Physical activity is a problem for many high-income nations:

  • Half of all US adults do not engage in sufficient leisure-time physical activity outside of their work (based on data from the 2011 Behavioural Risk Factor Surveillance System-BRFSS) and about 25% of US citizens are not physically active at all;

This high prevalence of physical inactivity is not just confined to the US:

  • A survey of 15 countries in the EU found that about two-thirds of the adult population did not participate in recommended levels of physical activity (World Health Organization 2006).

In reaction, the public health sector has mobilised resources to propose policies to promote physical activity. The US Surgeon General, for instance, released its first report on physical activity in 1996 (US Department of Health and Human Services 1996), noting recommendations for people of all ages to include at least 30 minutes of moderately intensive physical activity on most, if not all, days of the week. Similar guidelines were also adopted by the World Health Organization in 2002. The US Surgeon General’s Report further acknowledged that, for most individuals, activity levels which are of more vigorous intensity or of longer duration would impart even greater health benefits. Healthy People 2020, which provides science-based national objectives for improving population health in the US, includes key objectives relating to reducing the proportion of adults with no leisure-time physical activity and increasing the proportion of adults who meet current federal physical activity guidelines by 10%.

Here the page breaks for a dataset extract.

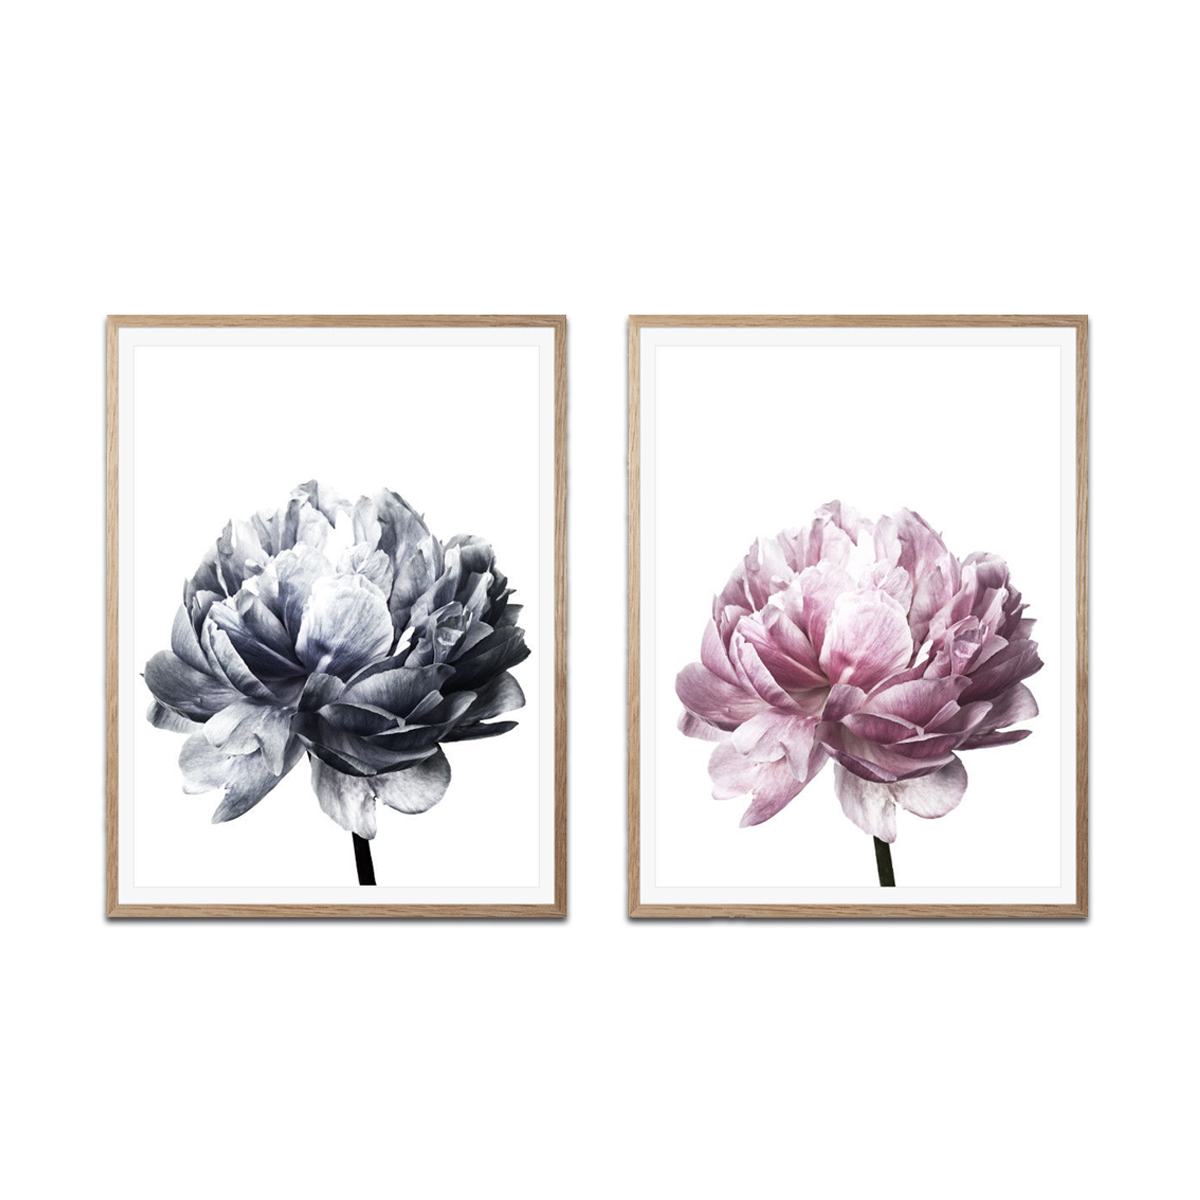 20x3030x40cm-Flower-Modern-Wall-Art-Canvas-Paintings-Picture-Home-Decor-Mural-Poster-with-Frame-1632681-4

In the EU, 41 guidelines have been put forward to ensure consistency and integration of individual member policies. These suggest priorities for policies and call for cooperation among the relevant public and private actors to promote increased physical activity.

The research basis for public policy

All of these calls to action and guidelines are predicated on the potential health-promoting effects of physical activity. The US Surgeon General’s report, for instance, had concluded that physical activity is protective of many of the risk factors for heart disease, such as obesity, high blood pressure, and a rapid pulse, as well as reducing the incidence of associated morbidities such as Type 2 diabetes, angina, heart attack, and stroke. Warburton, Nicol, and Bredin (2006) also provide an excellent review of some of the literature linking physical activity with morbidity and mortality. 

However, the studies upon which these conclusions and reviews rest are limited:

  • While the effects found in randomised controlled studies are plausibly causal, they may lack external validity since such studies are often based on small, convenience samples of individuals whose behaviour may not necessarily generalise to the overall population (Arroll and Beaglehole 1992, Kelley and McClellan 1994).
  • Studies that have utilised population-based samples, while are able to capture generalisable and representative effects, often lack internal validity.

They generally do not control for the many confounding factors that affect both physical activity as well as health, and it is not clear whether results can be considered causal (Sherman et al. 1994, Hu et al. 2007).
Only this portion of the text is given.